DevashishPrasad / CascadeTabNet

This repository contains the code and implementation details of the CascadeTabNet paper "CascadeTabNet: An approach for end to end table detection and structure recognition from image-based documents"
MIT License
1.49k stars 427 forks source link

Unclear of transfer learning in paper #67

Closed kkissmart closed 4 years ago

kkissmart commented 4 years ago

In your paper, did you initialized your model by 80-class-object trained COCO model? then finetune the model on orig_data + TableBank for table detection only (1-class-object)? then followed by a table structure detection?

Please clarify. Again, congrats on this paper. it is very impactful.

Thanks!

DevashishPrasad commented 4 years ago

Yes first the model is initialized with 80-class-object trained COCO model. Then we made a generic dataset by combining Marmot, ICDAR 19 and Github datasets. The model was fine-tuned for just the table detection (one class). We called this model the general model.

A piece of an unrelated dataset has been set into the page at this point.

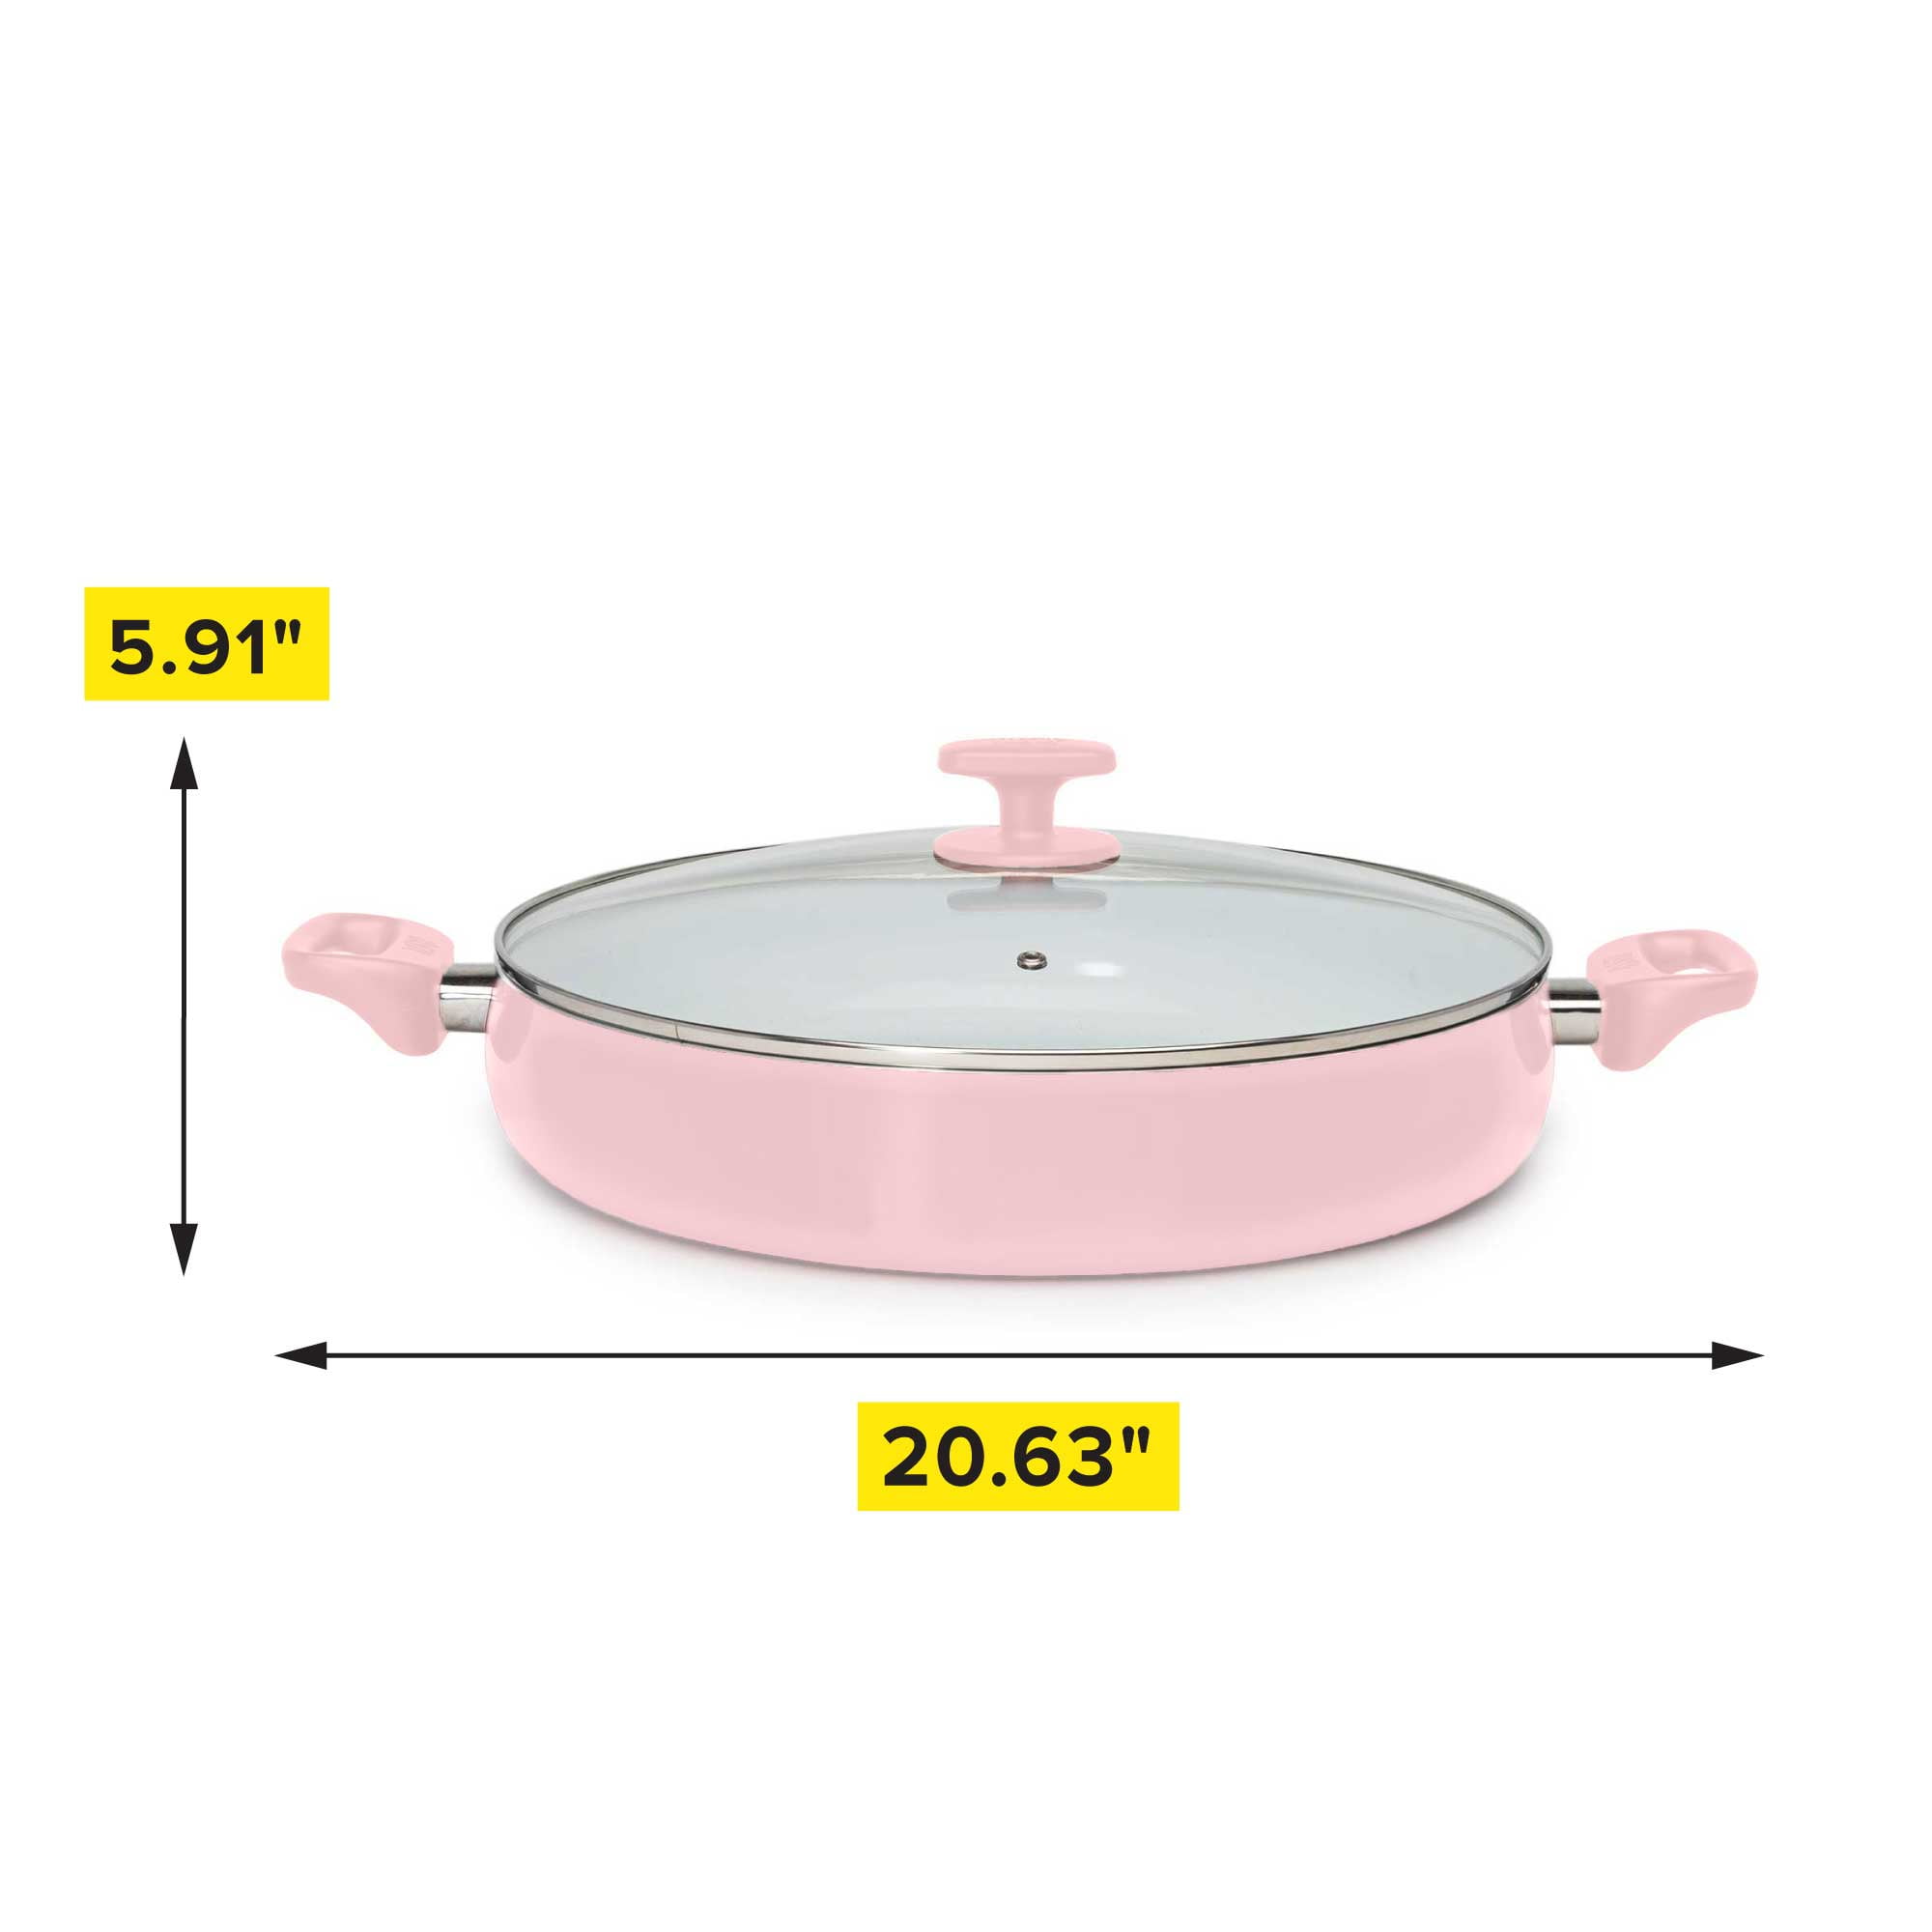  PYTKL Healthy Ceramic Nonstick, Cookware Pots And Pans Set, 14  Piece, Pink,Kitchen Accessories : Home & Kitchen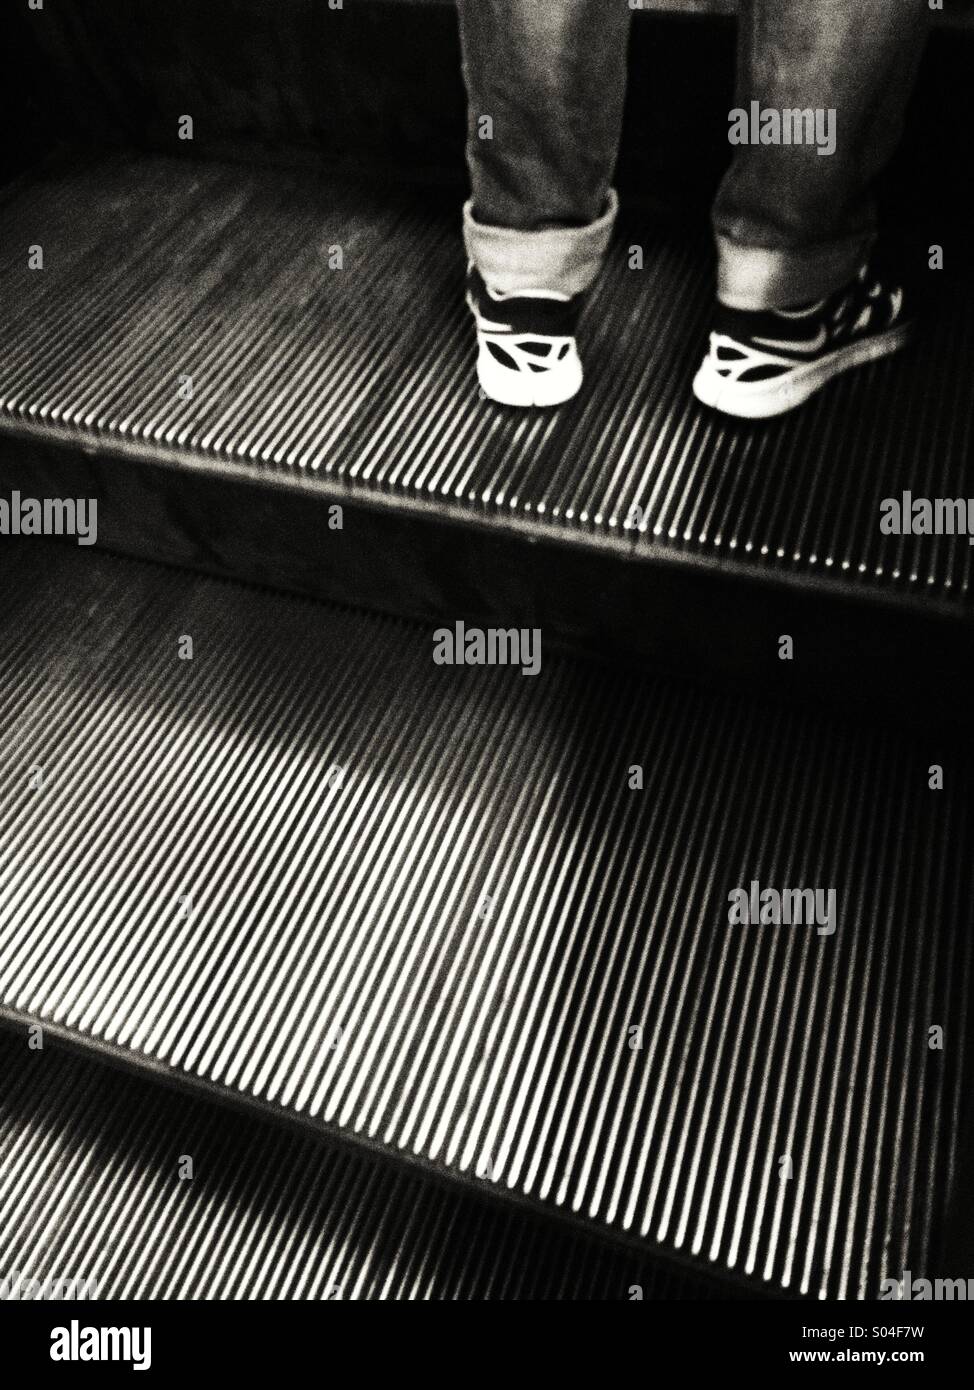 Man standing on escalator Stock Photo - Alamy

The general model was again fine-tuned separately for specific dataset for eg : Tablebank, ICDAR 19 etc. Also the general model was fine-tuned on ICDAR 19 B2 dataset for table structure recognition (3 classes).

We define this methodology as Iterative Transfer Learning and details about its effectiveness are elaborated in the paper.

kkissmart commented 4 years ago

Thanks for the answer! So you never trained on tableBank data? Thanks

DevashishPrasad commented 4 years ago

We did train it on tablebank (on a subset of table bank).

kkissmart commented 4 years ago

Sorry I am still confused there.

Tablebank has almost 300K data, why did you use it for finetune (subset) instead of including the entire dataset into your generic dataset?

Thanks!

DevashishPrasad commented 4 years ago

Yes we fine-tuned the general model on a subset of tablebank,

We did so mostly because of domain adaptation issue. Different datasets have different types of tables (different domains). We found that a model specifically fine-tuned for that particular dataset (particular domain) attains high accuracy than a generic model which was trained on multiple domains.

The exact experiment that verified this notion was : The accuracy of general model on ICDAR 19 dataset was lower than the accuracy of general model that was again fine-tuned on ICDAR 19 dataset.

And also, as per the iterative transfer learning methodology, initially a general model is trained on bigger dataset (for a generic task) and step by step it is fine-tuned on specific and smaller datasets (demanding more specific tasks).

We did not provide the ablation studies for this methodology and plan to publish our next paper on the same.

Exact details are mentioned in our paper.